PMCID: PMC6034359  PMID: 30008614

Abstract

Key content

  • Twin pregnancies are associated with a three‐fold greater perinatal mortality than singleton pregnancies. Prematurity is a main contributor, with 50% of twin pregnancies delivering before 37 weeks and 10% delivering before 32 weeks of gestation.

  • The aetiology of preterm delivery in twin pregnancies is likely multifactorial and different from that of singletons.

  • Cervical cerclage reduces preterm birth rates in singletons but has mixed results in twins with some studies showing harm.

  • The use of progesterone to prevent preterm birth in singletons has conflicting results and has not been proven to prevent preterm birth in twins. Studies continue to determine whether the cervical pessary is effective in preventing preterm birth in multiple pregnancies.

  • There is a paucity of data available on the prevention of preterm birth in triplets/higher order multiples but similar principles to twin pregnancy apply.

Learning objectives

  • To review the burden of preterm birth in multiple pregnancy.

  • To understand the methods available for preventing preterm birth in multiple pregnancies and the evidence surrounding the use of each one.

  • To be aware of the use of the Arabin pessary.

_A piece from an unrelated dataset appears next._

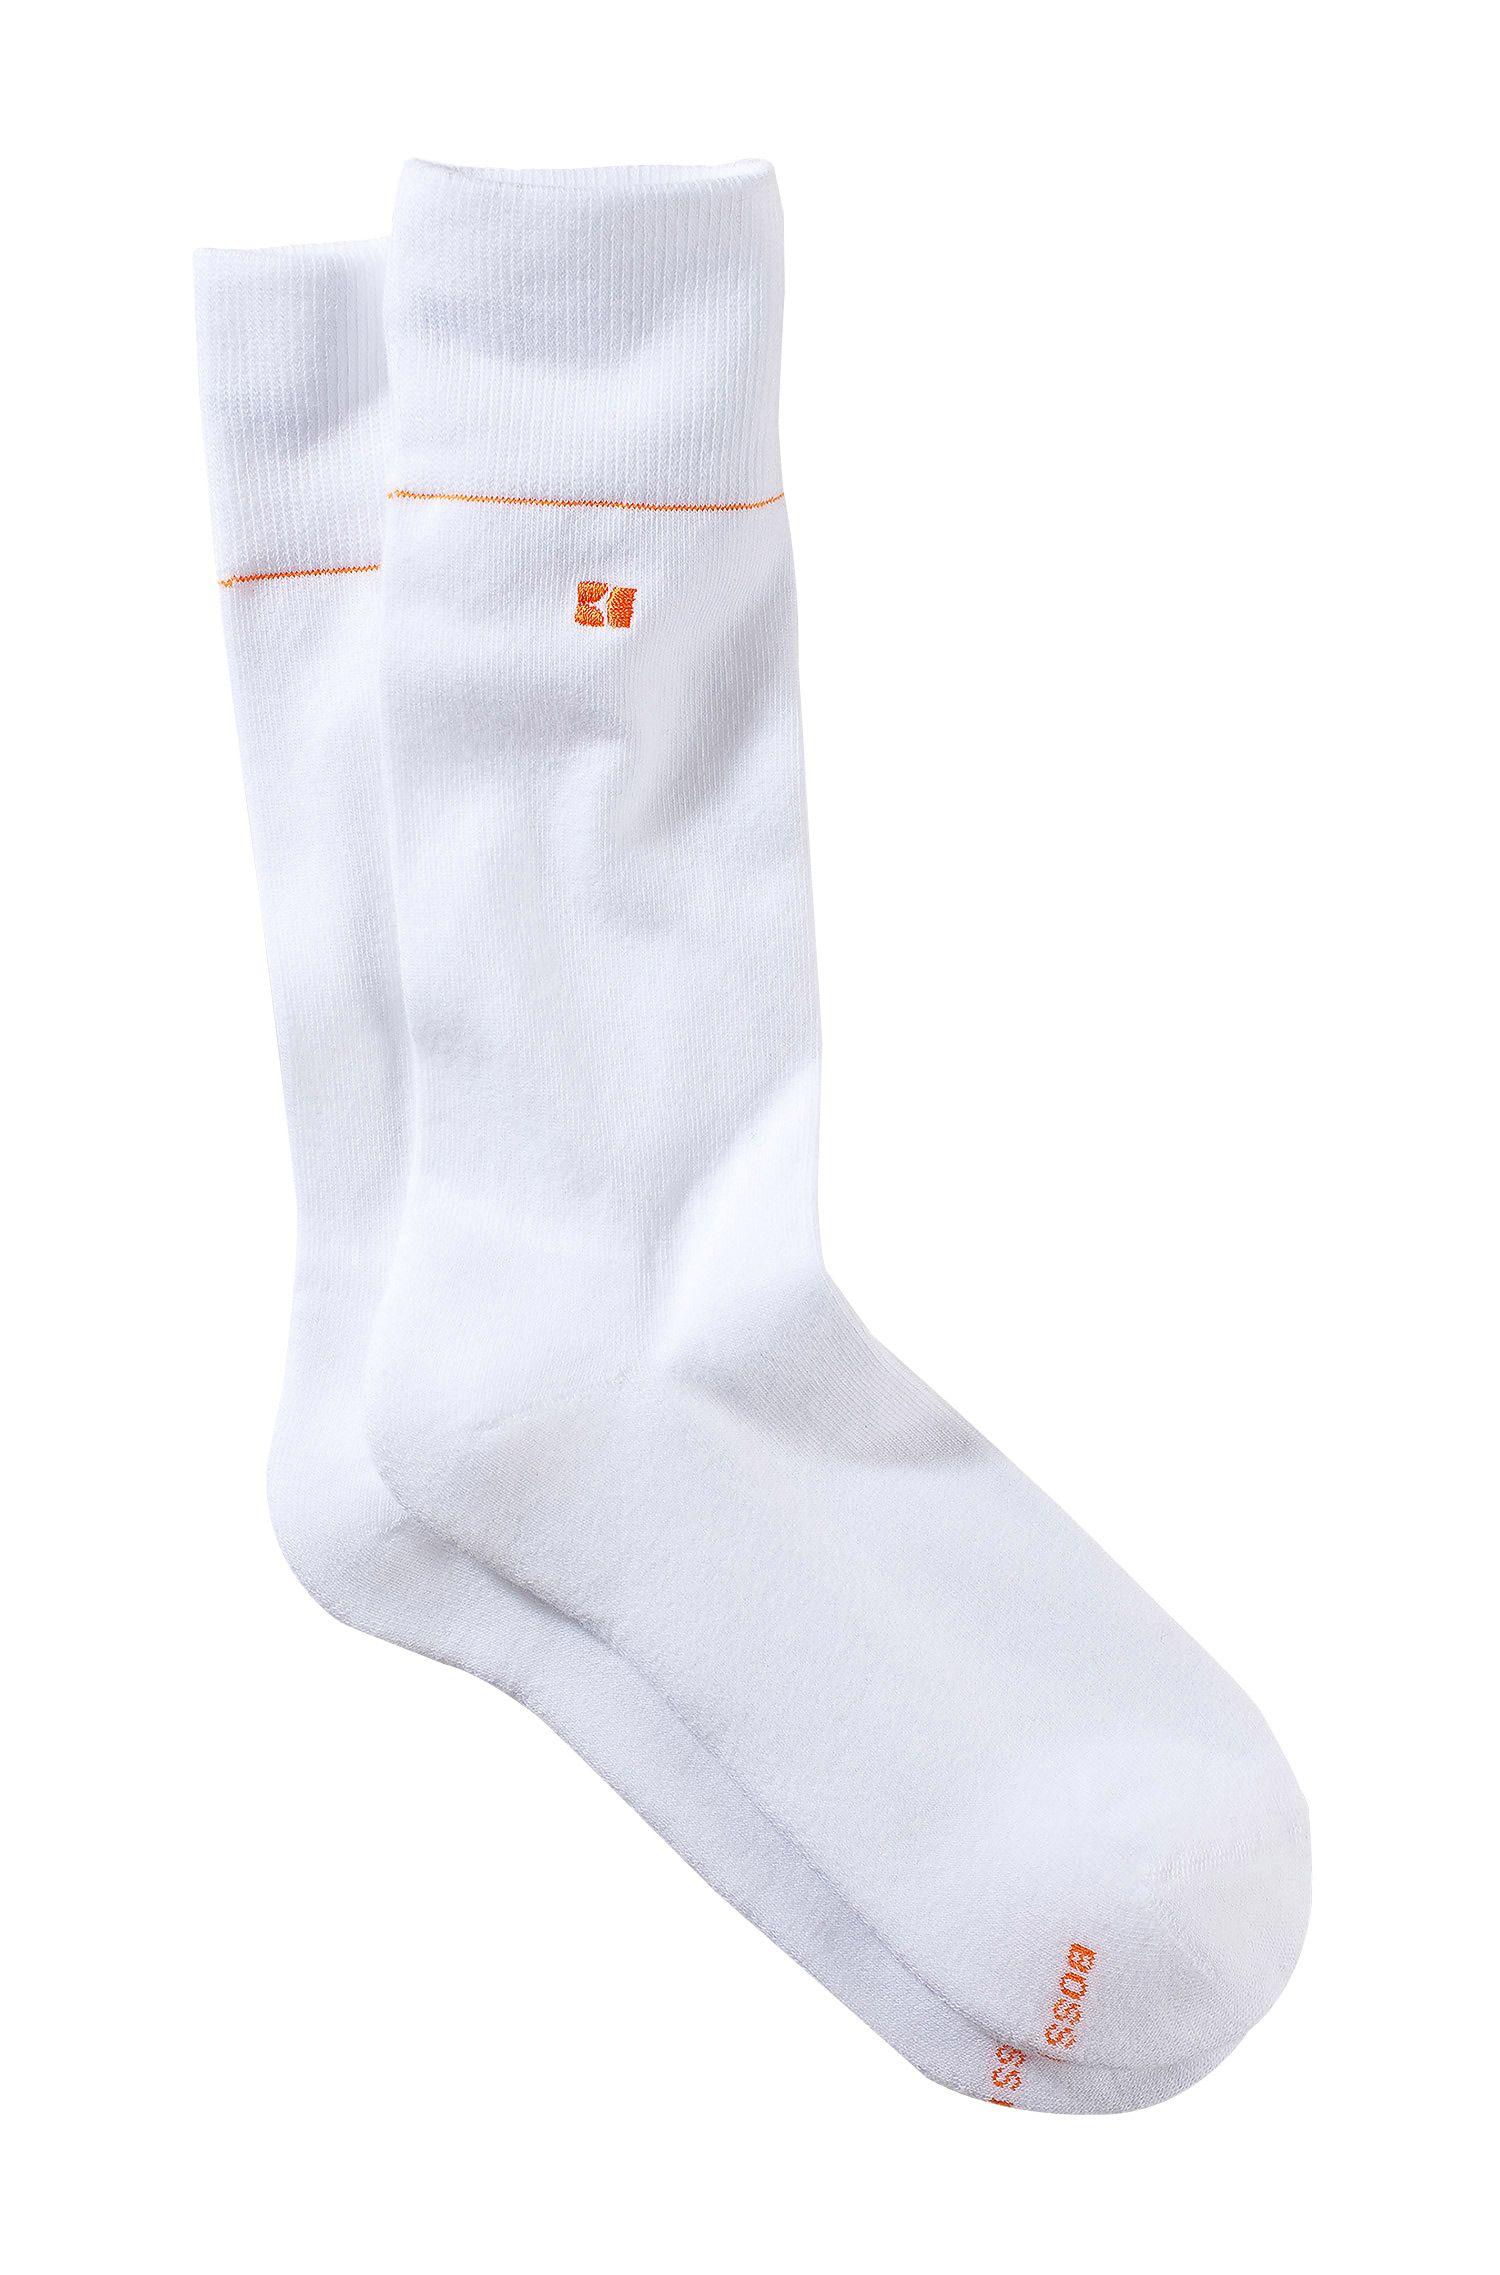 Chaussettes en coton, Axel RS Uni

Keywords: Arabin pessary, cerclage, multiple pregnancy, twins, vaginal progesterone

Introduction

Twin pregnancies are high‐risk and associated with increased perinatal morbidity and mortality.1 Multiple pregnancy is associated with adverse maternal outcomes including increased rates of pre‐eclampsia, pregnancy‐induced hypertension, maternal anaemia and venous thromboembolism.1 Compared to singleton newborns, newborn infants of twin pregnancies are also at increased risk of adverse outcomes including congenital anomalies, cerebral palsy, intrauterine growth restriction and stillbirth. Although only 3% of all live births are twin pregnancies,1 twin babies account for up to 15% of special care unit admissions.2 A 2009 survey conducted by the UK charity the Twin and Multiple Birth Association (TAMBA) found that in 44% of all twins born to the 1298 mothers interviewed, at least one baby entered special care.3

According to the 2014 MBRRACE‐UK (Mothers and Babies: Reducing Risk through Audits and Confidential Enquiries across the UK) report,4 the perinatal mortality rate in twins was three times higher than that of singleton pregnancies.4 Much of this perinatal mortality is driven by prematurity. In Scotland, 50% of twins are delivered preterm (at fewer than 37 weeks of gestation), with around 20% delivering before 34 weeks of gestation.5 Figures from the USA are similar: a 12‐fold higher preterm birth (PTB) rate of 56.6% was found in twins compared to 9.7% in singletons (odds ratio [OR] 12.8, 95% confidence interval [CI] 12.6–12.9).6

Despite attempts by the UK's National Institute for Health and Care Excellence (NICE) to reduce multiple pregnancy with the universal use of single embryo transfer (SET) during assisted reproduction technologies (ARTs),7 the UK twin pregnancy rate remains high among women undergoing ART, with up to 24% of successful in vitro fertilisation (IVF) procedures resulting in multiple pregnancy.1 As well as the increased risk of perinatal morbidity and mortality, the economic cost of healthcare provision for a twin baby is significantly higher than for singletons, and is quoted to be twice as high in the first 5 years.8

The James Lind Alliance (JLA) Preterm Birth Priority Setting Partnership (PSP) has prioritised the following question as the number one uncertainty in preterm birth: which interventions are most effective in predicting or preventing PTB? The JLA brings together clinicians, patients and carers to set research priorities in several aspects of obstetrics and gynaecology, including stillbirth and endometriosis.9

Aetiology

The aetiology of spontaneous PTB in multiple pregnancies is likely to be multifactorial, different from singletons, and remains largely unknown. Different proposed pathophysiology mechanisms include intrauterine infection, cervical insufficiency and increased uterine stretch/distension. There is also increased secretion of mediators such as corticotrophin‐releasing hormone (CRH) from the larger placental mass, and factors produced by the maturing fetal lung such as surfactant protein‐A, which stimulates myometrial contractility and may contribute to preterm parturition.10

Twins are associated with a higher risk of obstetric intervention and therefore iatrogenic PTB is higher. Approximately one‐third of all premature deliveries in multiple pregnancies are medically indicated.11 This review focuses on the prevention of spontaneous PTB in twin pregnancies.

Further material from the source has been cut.